Investing in real estate mortgage notes and flipping properties can be financially rewarding. According to numerous “real estate investing” or “note-buying” websites (A Google search of real estate “note-buying” prompted over 19 million results), it’s even “fun” and “easy.” Perhaps it can be, but not without “work.” As seasoned real estate and note investors know, buying real estate notes and distressed property can be a great source of income, but as in the Bank of America matter above, it can also be a source of problems.
Here are five things real estate and note investors can do in order to reduce headaches before rushing in to acquire income-producing commercial or residential properties:
- Audit the loan file. It’s good business to have an attorney or compliance professional review loan documents before purchasing a note. Any legal defenses that a borrower has against a lender, they can have against the loan assignee or note buyer. Have a professional review the loan documents such as federal loan disclosures, deeds, legal descriptions, opinions on potential title defects, verifying back property taxes, and IRS liens. Note buyers want to buy a note, not a lawsuit.
- Understand the implications of invoking certain loan provisions. For instance, in commercial loans, it’s common to have provisions for an Assignment of Rents. This means that the note holder can require tenants currently at a property to make payments directly to the investor in the event of a landlord borrower’s default. This sounds straightforward until one considers that in most jurisdictions, note-holders who exercise the right to collect rents become responsible for property repairs even when the investor does not yet own the property. Tenants could withhold rent from the investor until prior neglected repairs, such as a roof repair, are addressed. It can be quite costly, especially when tenants in distressed properties often request rent abatement.

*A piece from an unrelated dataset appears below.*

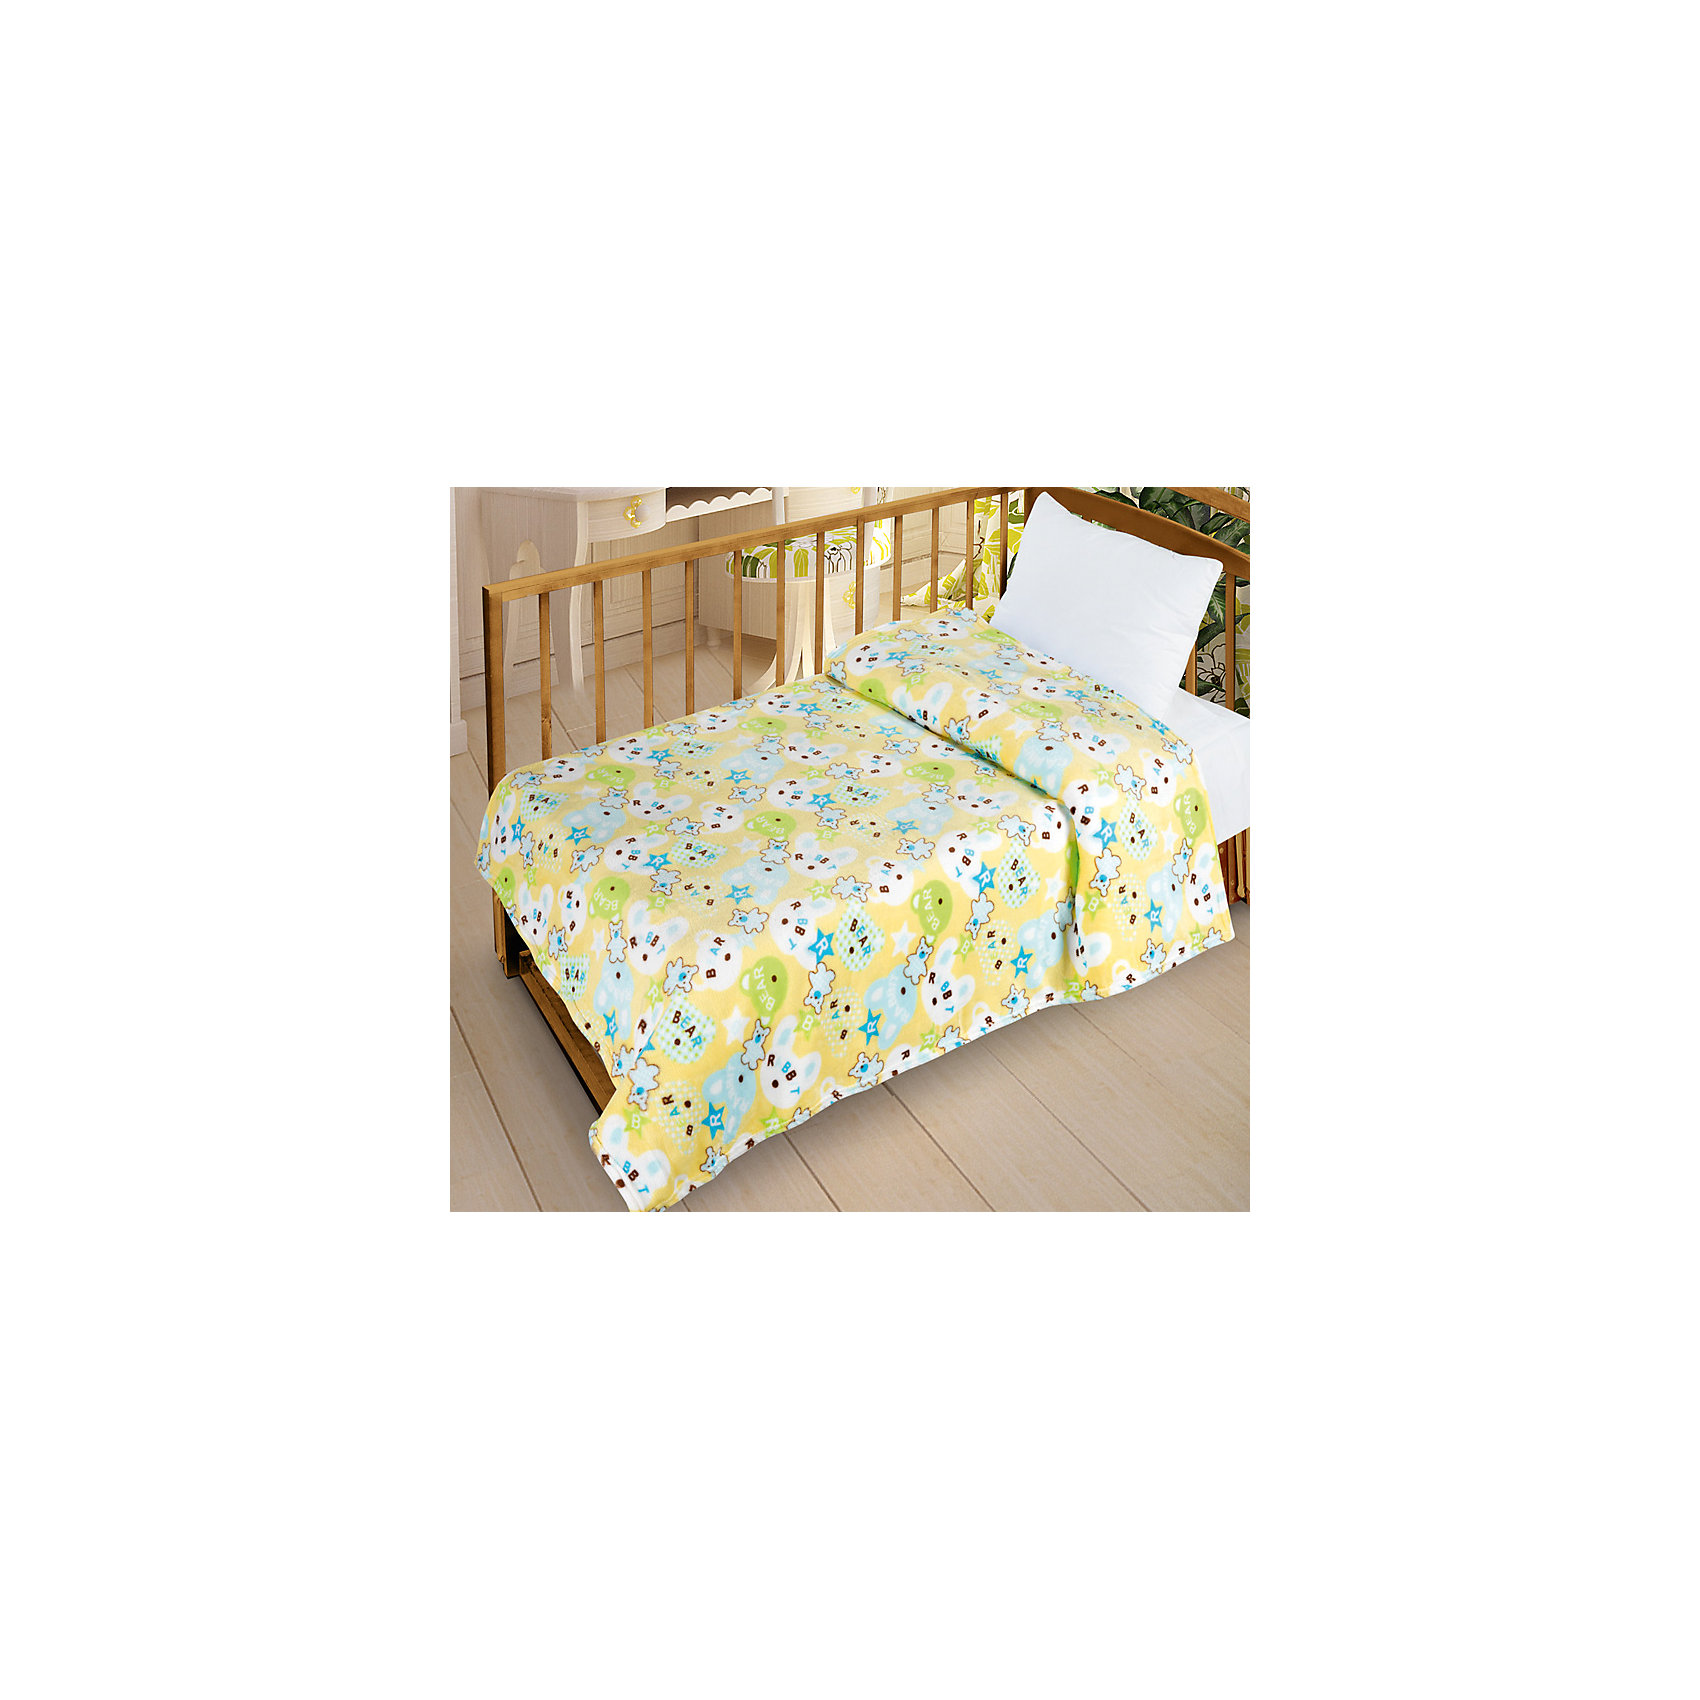 Плед  Велсофт-беби в кроватку VB09, 95х130Домашний текстиль<br>Нежнейший плед в детскую кроватку выполнен из современного материала Велсофт -  ткань напоминает на ощупь плюшевую игрушку. Материал гипоаллергенен, плед легкий и в то же время теплый. Приятна расцветка пледа создаст в детской комнате уют и приятную атмосферу. <br><br>Дополнительная информация:<br><br>Размер: 95*130 см<br><br>Плед  Велсофт-беби в кроватку VB09, 95х130 можно купить в нашем магазине.<br><br>Ширина мм: 400<br>Глубина мм: 100<br>Высота мм: 500<br>Вес г: 800<br>Возраст от месяцев: 0<br>Возраст до месяцев: 36<br>Пол: Унисекс<br>Возраст: Детский<br>SKU: 4647771

- Don’t ignore title insurance. Note buyers usually have three options to make their investment profitable. If they can’t modify an existing note, taking a deed in lieu from a property owner, or initiating a foreclosure action are the only ways to take legal title to sell a property. In both instances, having title insurance is very important. Taking a deed in lieu from a borrower without having title insurance can be folly, since any and all liens on the property will be transferred to the grantee. Starting a foreclosure action without knowing what’s on title could expose the property to IRS liens that affect the investor’s clear title. At the very least, perform a title search.
- Make sure the entity acquiring a note or property is in compliance with state and federal law before taking any action against a tenant or borrower. For instance, evicting a tenant without a recorded title interest can be legally challenged. It’s the same for investors who issue notices of loan default. Recording one’s legal interest in a property is paramount. It’s also important that incorporated investors register their business with the state in which their investment property sits, otherwise, their authority to enforce provisions concerning their own investment can be challenged. Finally, make sure all collection and default notices comply with federal and state laws.
5. Expect ‘push back’ and time delays. Making properties profitable or collecting timely payments does not happen right away. True, there are times when a borrower agrees to a loan modification that brings themselves current or even refinances off the note, but these instances are uncommon. Instead, anticipate little, if any, tenant or borrower response to correspondence and prepare for eviction, foreclosure or even bankruptcy actions.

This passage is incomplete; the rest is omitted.